We sat around the dining-room table, playing casino. Mamma went back to the bedroom and locked the door. After an hour she called me. I went in and stood at the bedside in the darkness. I could smell her grief and tears in the room, filling the room.
“Go down to Dino’s,” she said. “Tell Dino to come here right away.”
“What for?”
“Do what I tell you.”
I pulled on my sweater and started out. Dino’s barber shop was next to the alley on Osage Street, a block from the Platte River Bridge. You could hear and smell the river from Dino’s. It was a one-chair shop, not much bigger than our dining room. Next to the shop was the North Pole Recreation Club, where Papa played a card game called pangini and sometimes got drunk. Dino’s shop was closed, a dim blue light burning over the opened cash register. Dino lived in a bedroom and kitchen behind the shop. Many years ago this place had been a blacksmith shop, and when you were inside you could still smell horsehide and burned horses’ hoofs.

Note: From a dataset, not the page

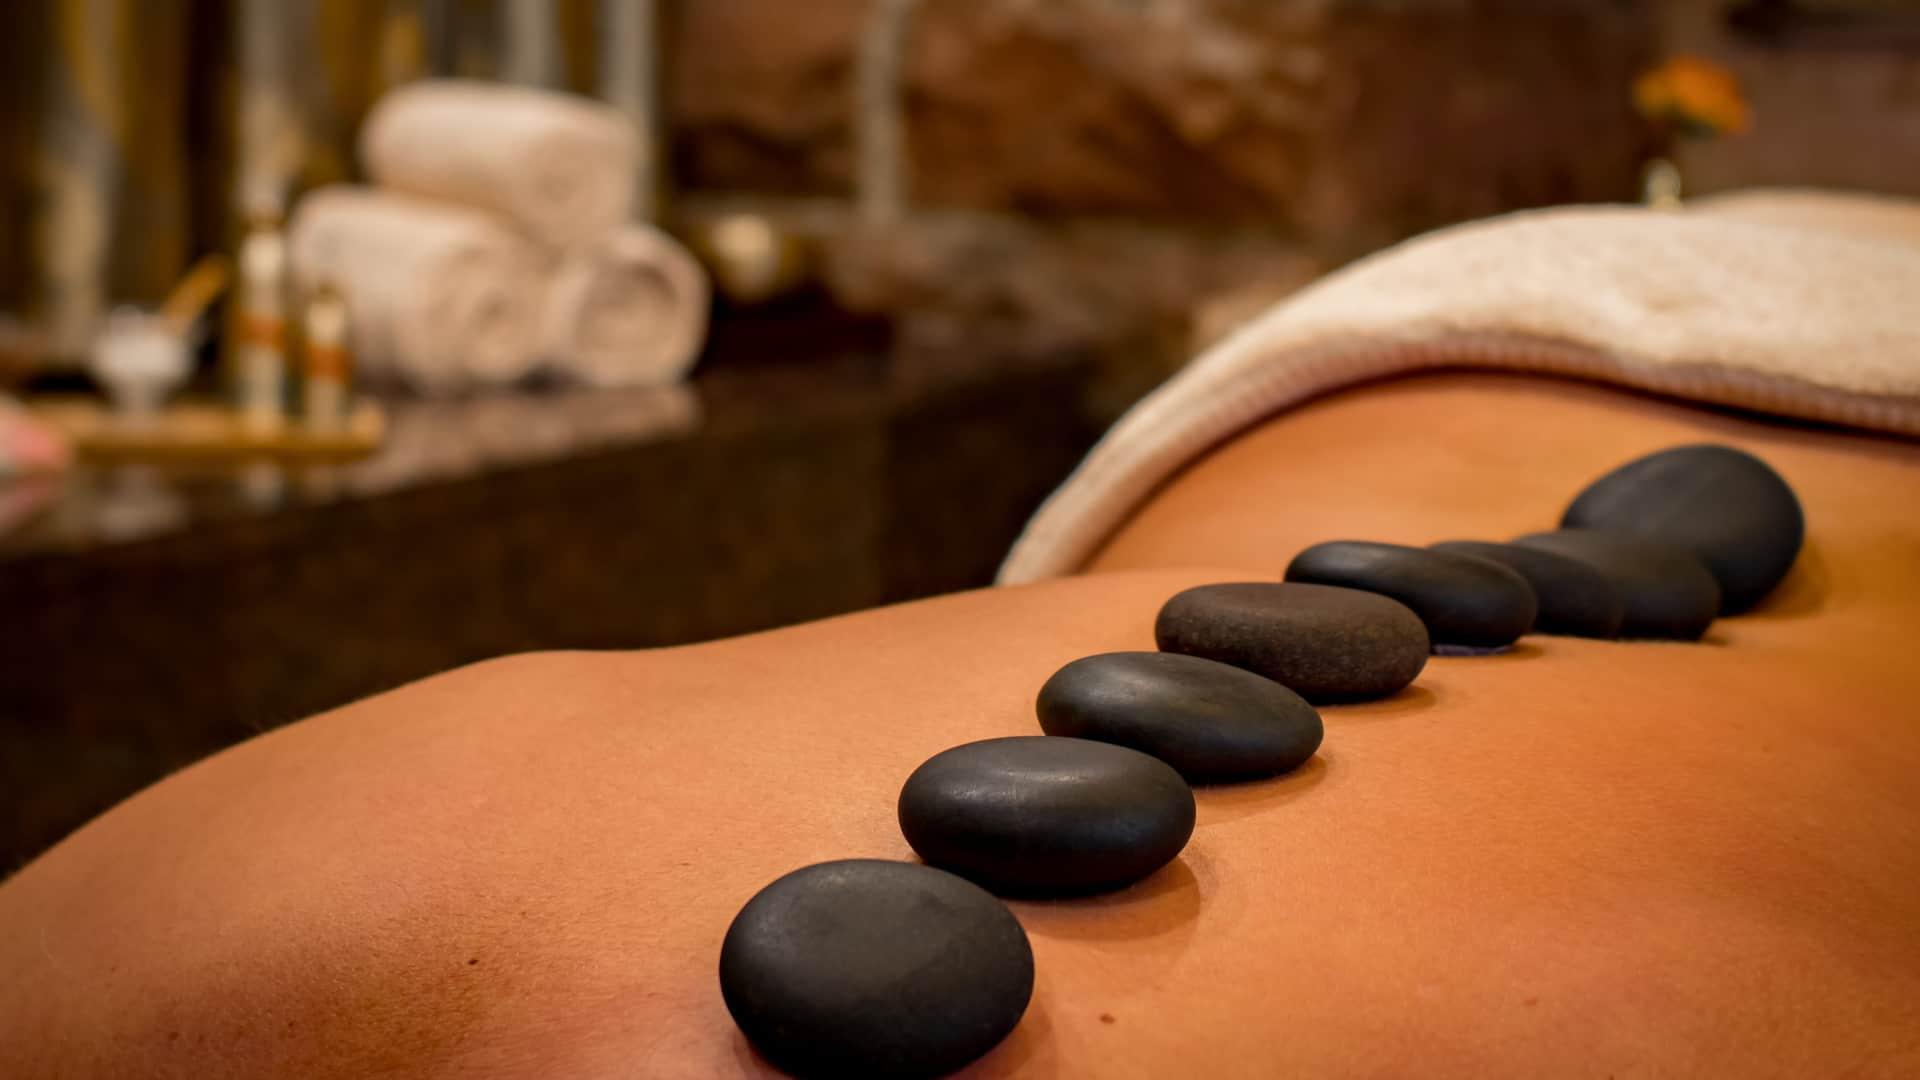 prendre soin de soi par un massage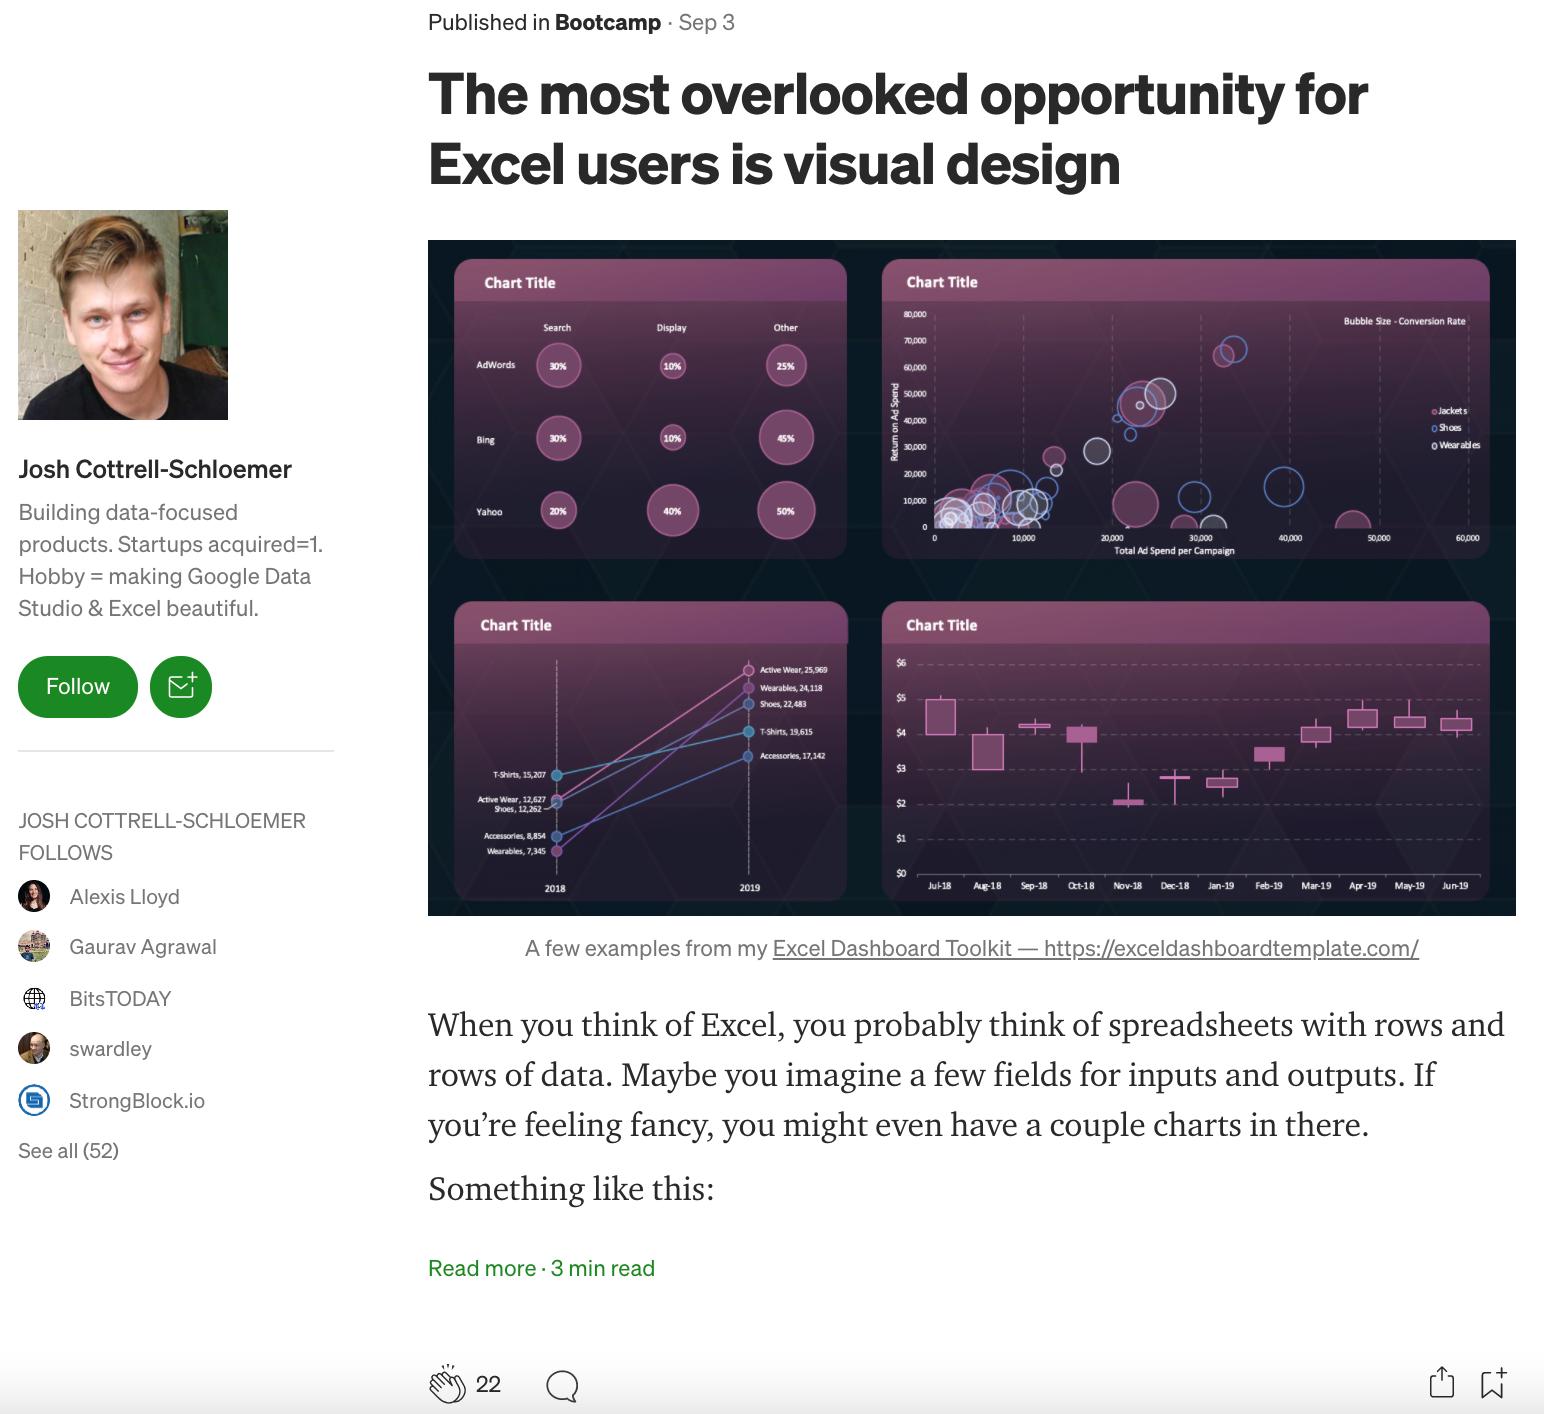 screenshot of josh cottrell-schloemer's article featuring an excel dashboard

I went around the alley to the back door. Lights shone from the two kitchen windows. I climbed the fence. From inside came laughter, the rich deep laughter of Coletta and the sharp brash laughter of my father. I crept to the window and looked inside. They sat at a small table in the middle of Dino’s white, immaculate kitchen, a bottle of wine between them: Coletta, Dino, and Papa. Dino sat as though by himself, a little apart from Coletta and Papa, who were close together, their chairs touching. That other time she had worn black. Tonight she was in white, but color made no difference—she still looked beautifully naked. I swallowed slowly. Holy cow! What a honey!
Papa was swinging his arms as he talked, sometimes hugging her, talking all the time.
“Look at him there!” Papa said. “He ain’t no man, Coletta. He’s half a man, that’s what.”
Dino smiled indifferently.
“Don’t laugh,” Papa warned. “We know you, you impostor, you ingannatore. You just ain’t got the guts to go out and get a woman. That’s his trouble, ain’t it, Coletta?”